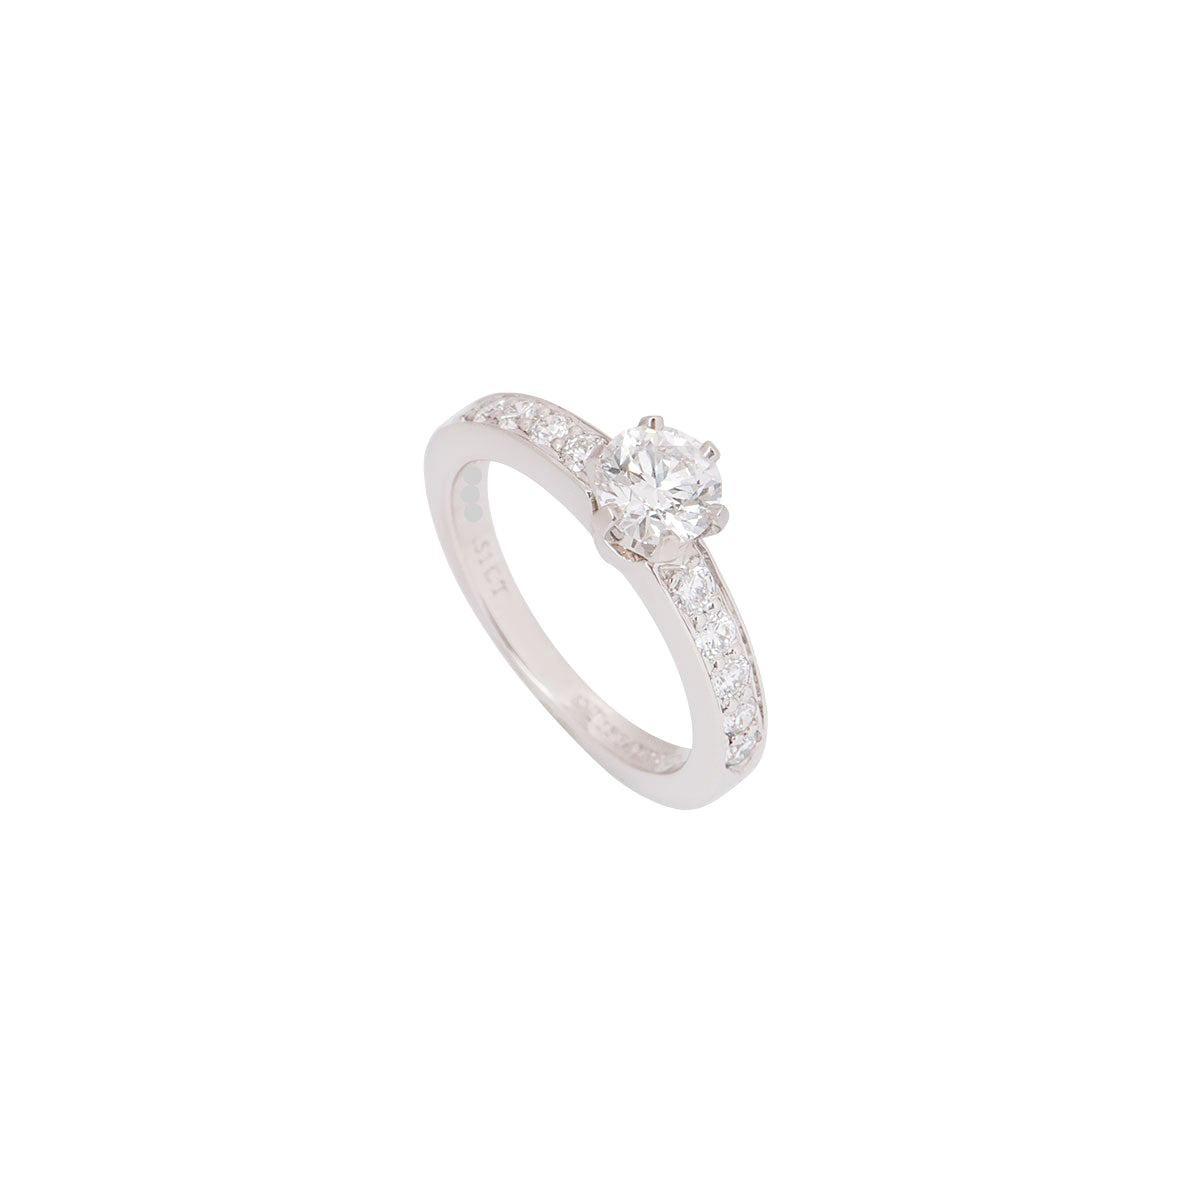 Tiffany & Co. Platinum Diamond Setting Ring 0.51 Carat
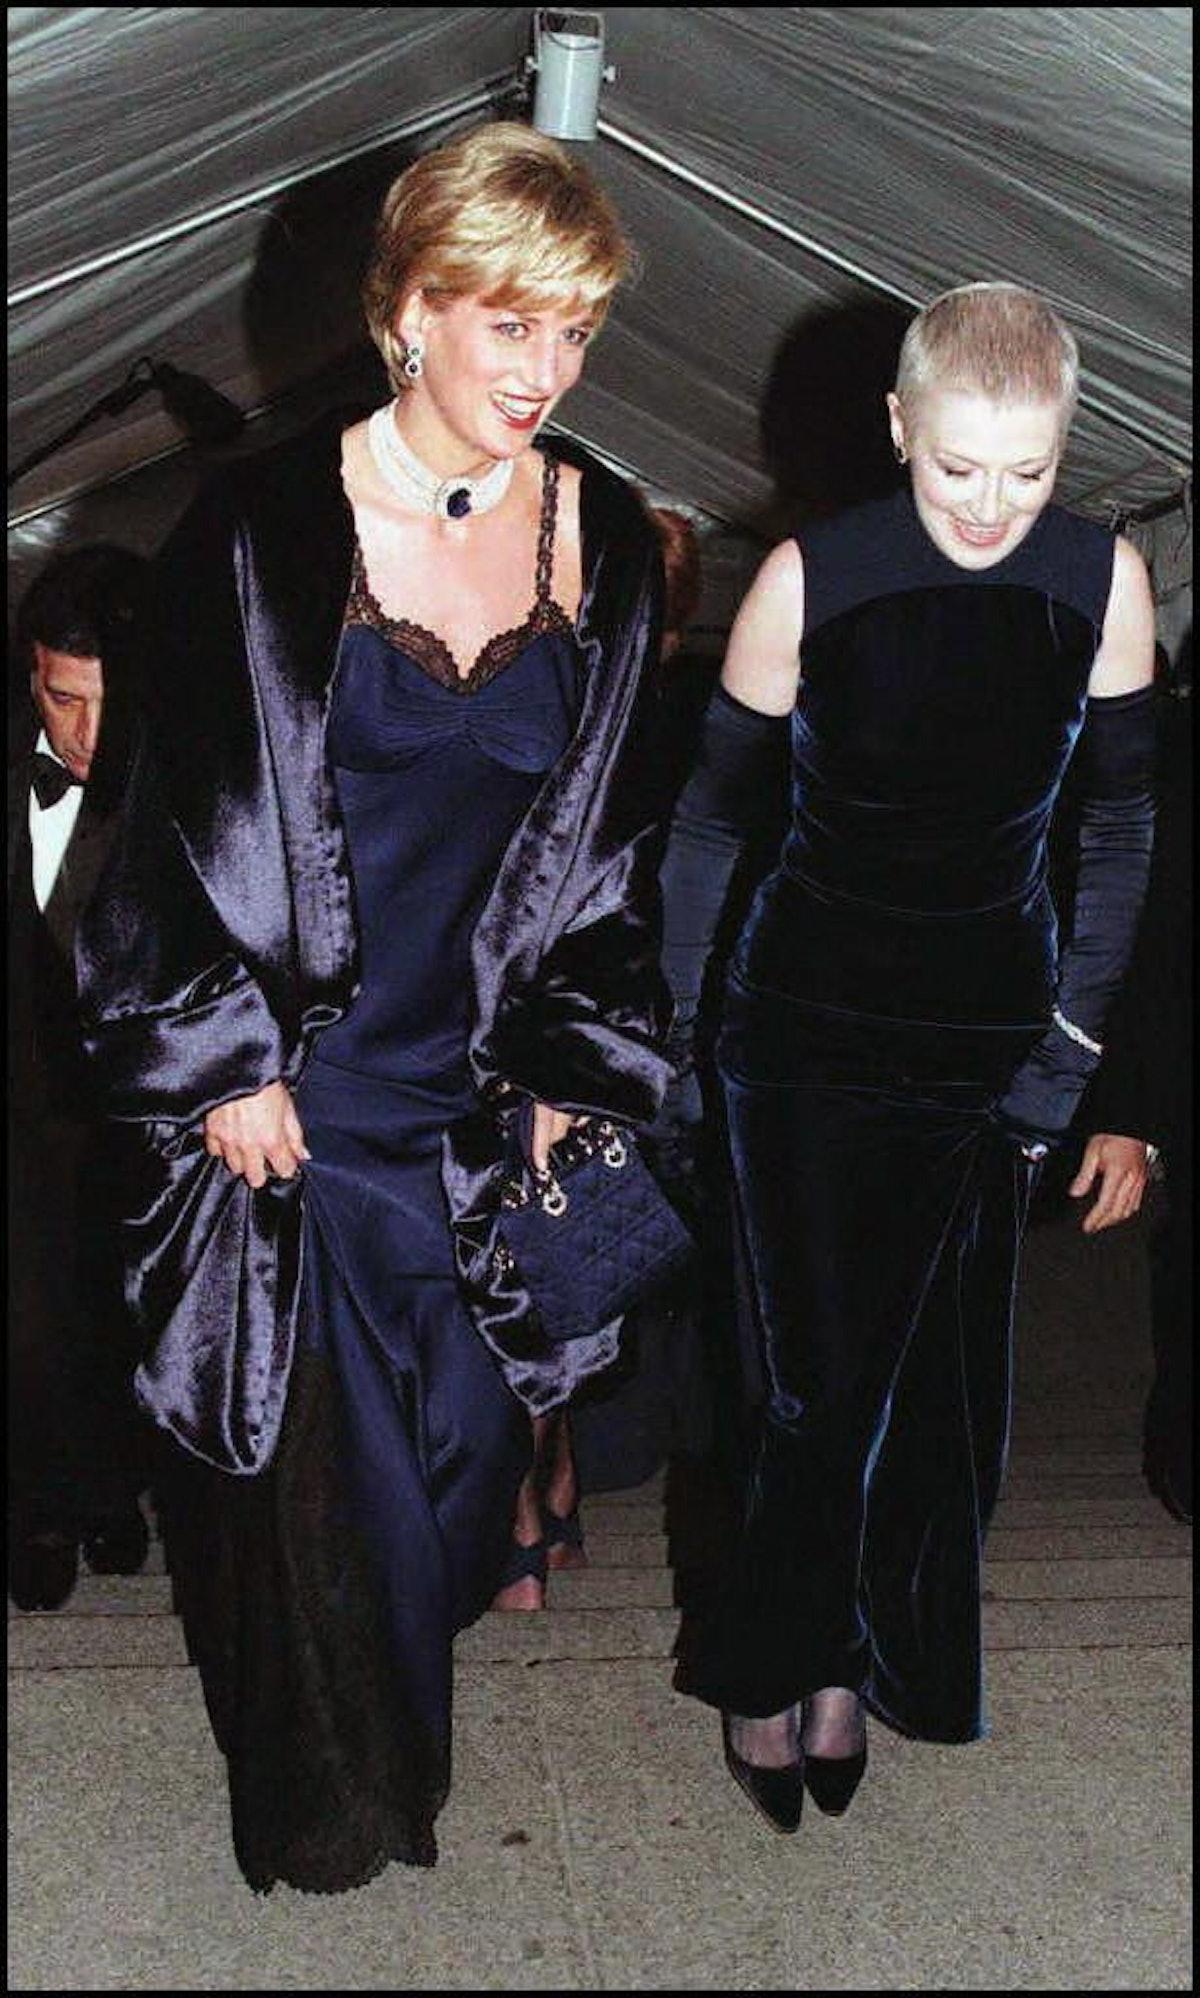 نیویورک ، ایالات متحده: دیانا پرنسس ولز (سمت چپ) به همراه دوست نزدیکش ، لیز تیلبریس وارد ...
------------
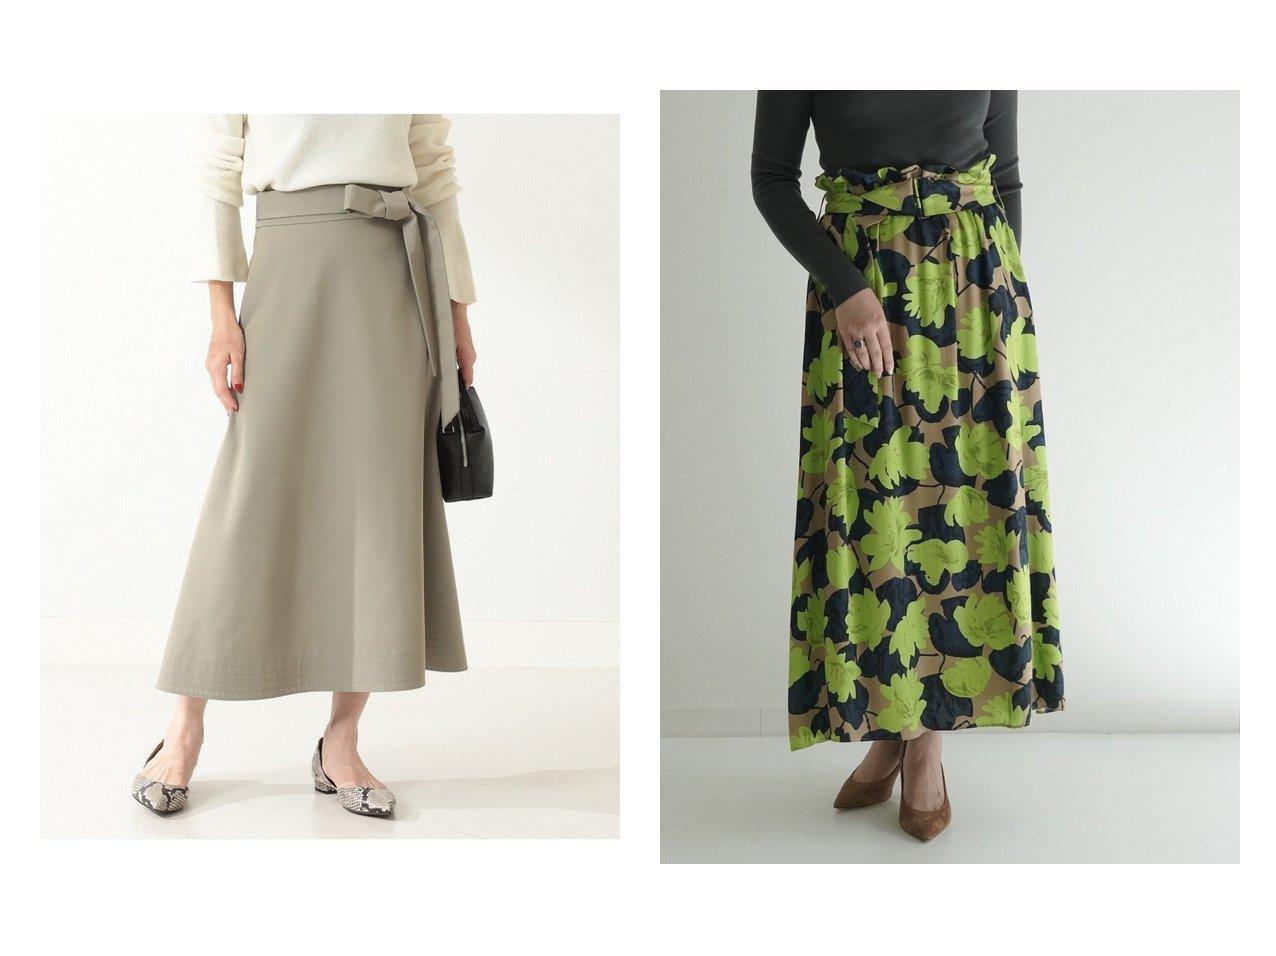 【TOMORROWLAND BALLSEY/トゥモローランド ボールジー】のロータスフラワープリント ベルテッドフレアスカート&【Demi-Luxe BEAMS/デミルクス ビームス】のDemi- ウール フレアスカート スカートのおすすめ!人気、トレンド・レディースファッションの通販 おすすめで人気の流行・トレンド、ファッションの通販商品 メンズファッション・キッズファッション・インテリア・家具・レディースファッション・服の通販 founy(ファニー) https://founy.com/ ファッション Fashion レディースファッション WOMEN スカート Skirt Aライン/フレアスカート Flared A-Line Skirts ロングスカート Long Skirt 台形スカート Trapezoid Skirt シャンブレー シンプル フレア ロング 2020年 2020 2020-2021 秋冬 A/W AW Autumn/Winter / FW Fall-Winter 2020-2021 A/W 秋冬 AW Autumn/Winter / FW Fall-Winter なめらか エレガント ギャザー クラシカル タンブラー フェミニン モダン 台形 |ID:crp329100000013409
------------
**What the exercise asks:** Give again the stretch of the entries above that begins at the line with "Tiffany & Co." and ends at the line with "نیویورک ، ایالات", word for word, with no pictures.

**Output:**
 Tiffany & Co. Platinum Diamond Setting Ring 0.51 Carat
 نیویورک ، ایالات متحده: دیانا پرنسس ولز (سمت چپ) به همراه دوست نزدیکش ، لیز تیلبریس وارد ...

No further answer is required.